Cash and cash equivalents

These are listed in Schedule 12, and comprise:

Bank and post office deposits: these amount to 18,239 thousand euros (1,842 thousand euros at 31 December 2010). They represent sight or short-term balances on deposit or current accounts with banks, financial institutions and the Post Office.

Cheques: these amount to 21 thousand euros (27 thousand euros at 31 December 2010).

Cash and cash equivalents on hand: these amount to 400 thousand euros (409 thousand euros at 31 December 2010) and include liquid funds in the form of cash and equivalent instruments (duty stamps, cashier’s cheques or bank-guaranteed cheques etc.) held by the Company at 31 December 2011.

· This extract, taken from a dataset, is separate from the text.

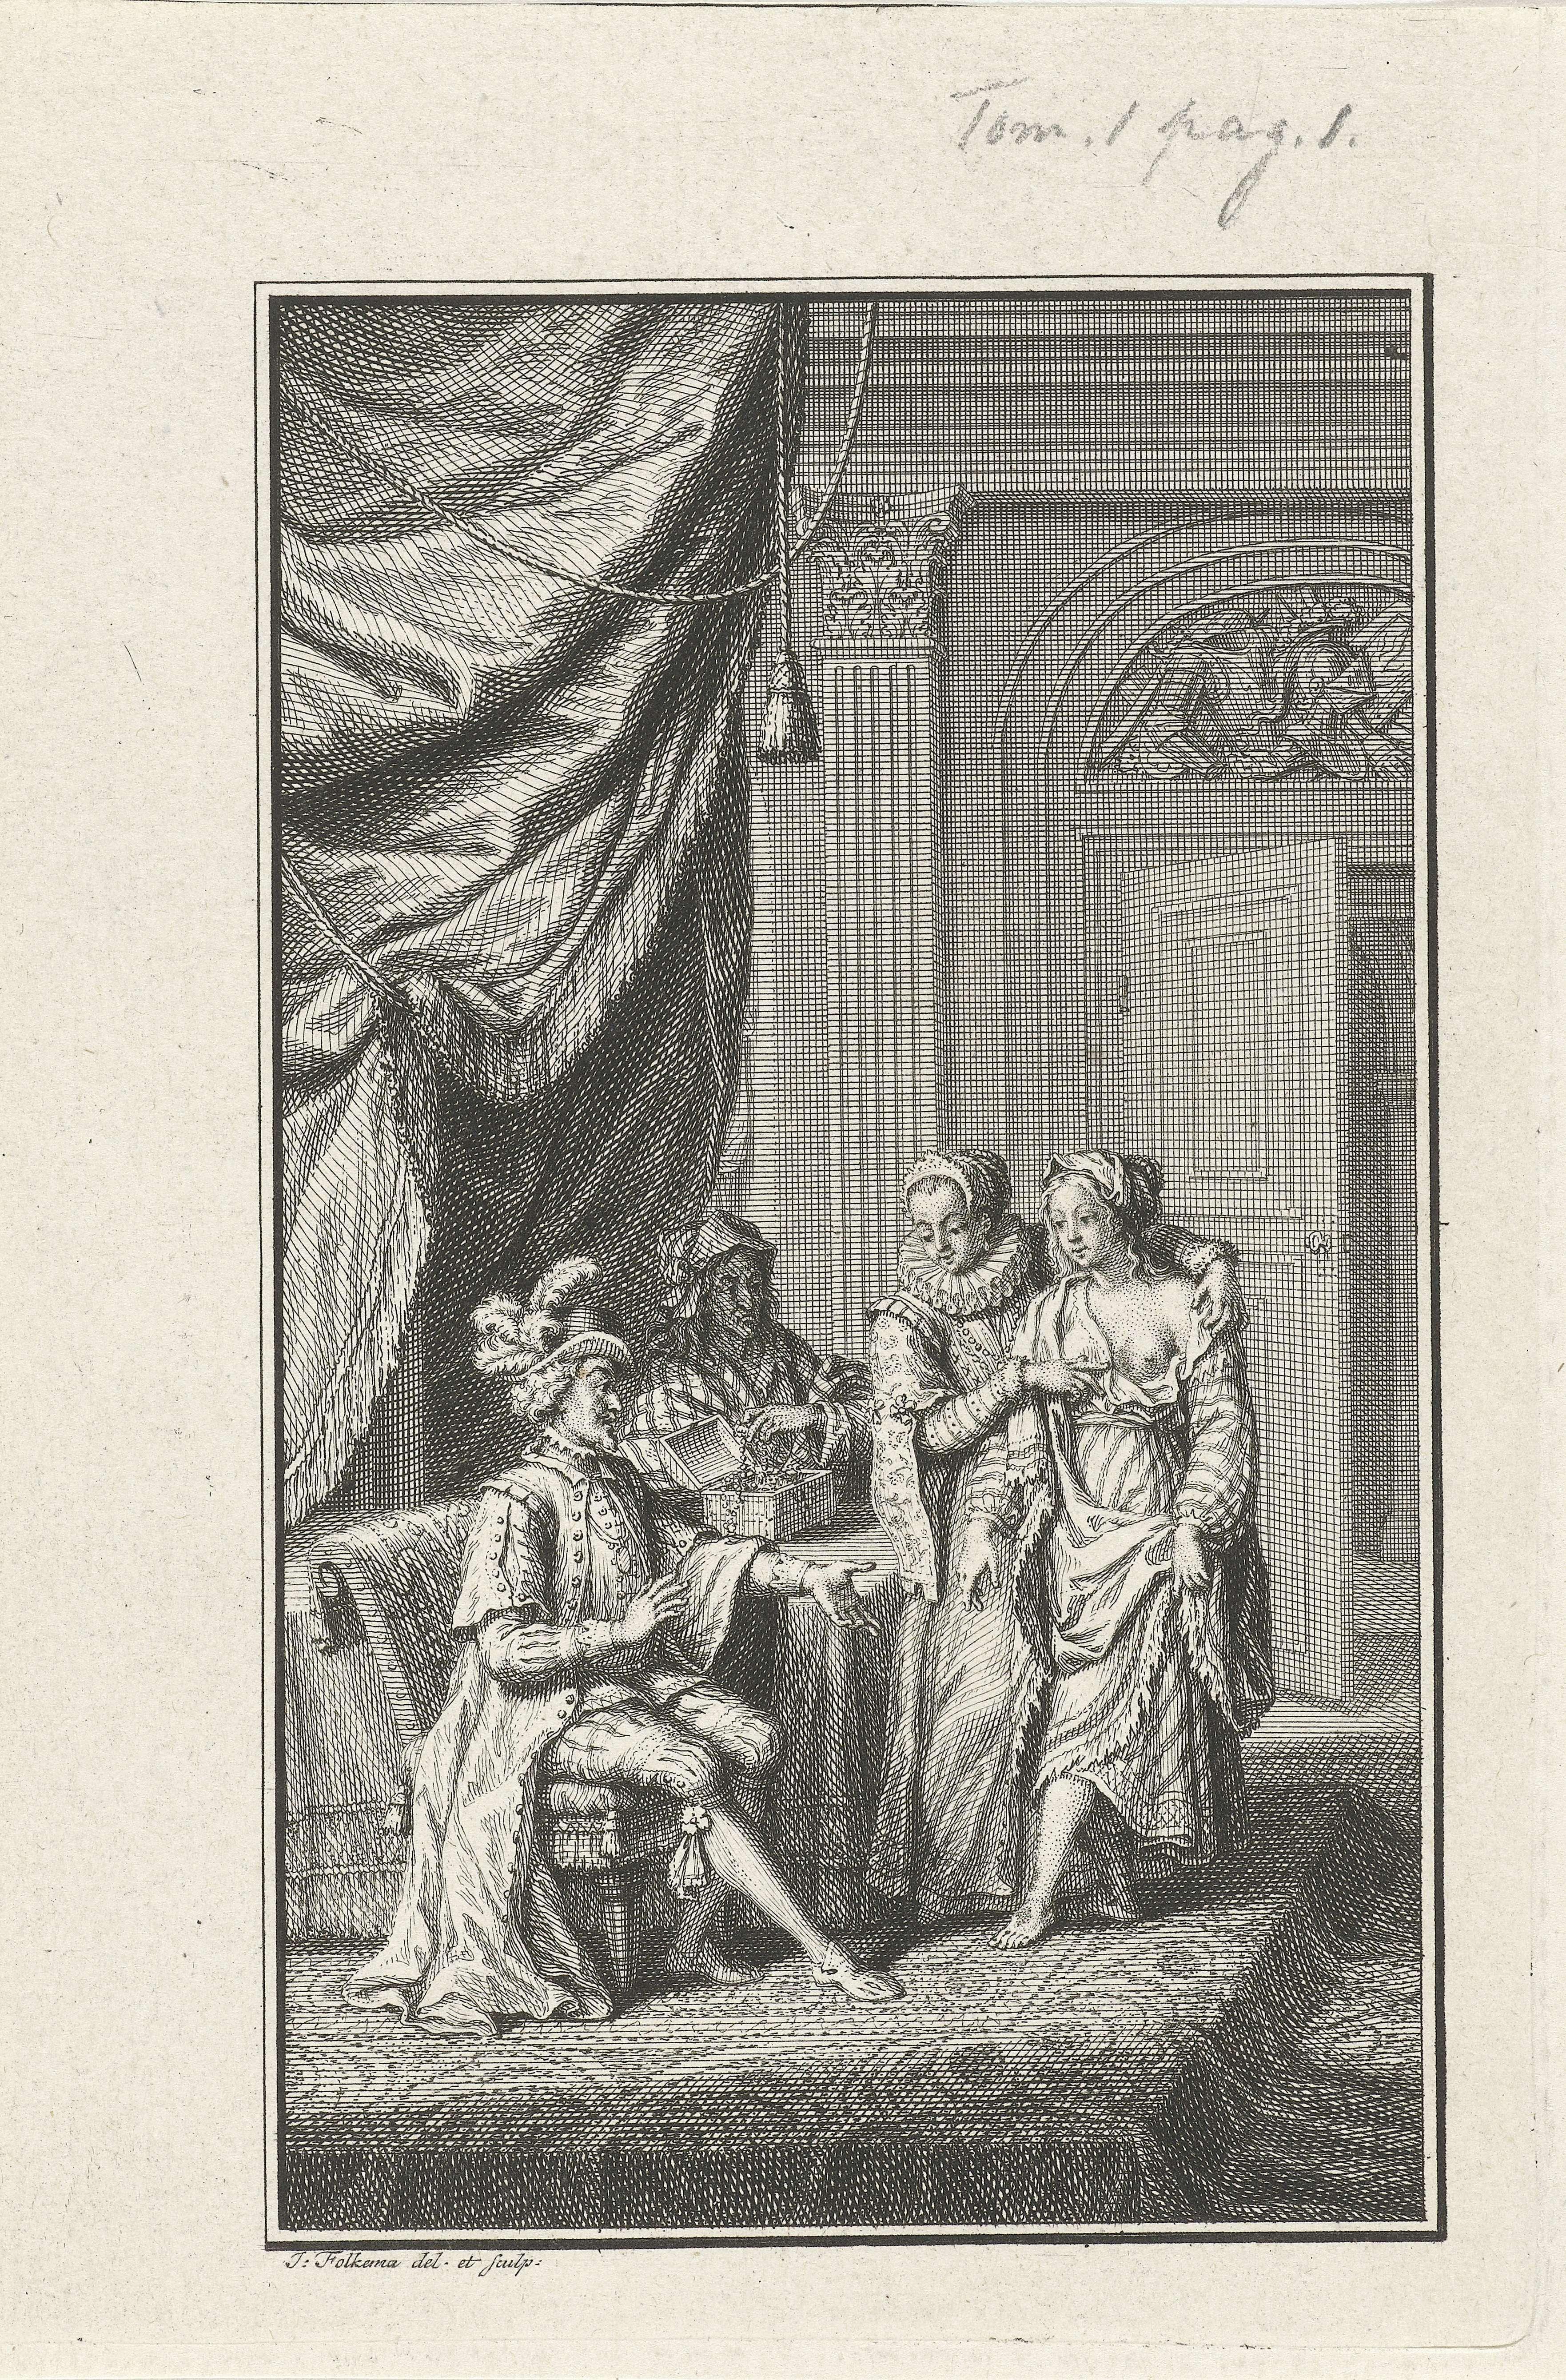 Jacob Folkema   Spaanse Heidin Pretiosa, Jacob Folkema, 1702 - 1767   De Spaanse heidin Pretiosa staat voor een rijk geklede man. Een vrouw ontbloot een borst van Pretiosa en toont deze. Achter dit drietal verzamelt een oudere vrouw sierraden in een kistje dat voor haar op tafel staat.

Schedule 11 gives a breakdown of the caption by euros and other currencies and Schedule 24 shows amounts at banks and the Post Office held with Group Companies and restricted by attachments.



Accrued income and prepaid expenses

Accrued income and prepaid expenses total 44,359 thousand euros.
They are detailed in Schedule 13.



Liabilities

Shareholders’ equity

Shareholders’ equity totals 427,548 thousand euros.

The components of shareholders’ equity and the effects of operations carried out in 2011 and the previous year are shown in Schedule 14.

Schedule 15 presents the classification of the shareholders’ equity items in compliance with their origin, possibility of use and distribution, as well as their use during the previous three years.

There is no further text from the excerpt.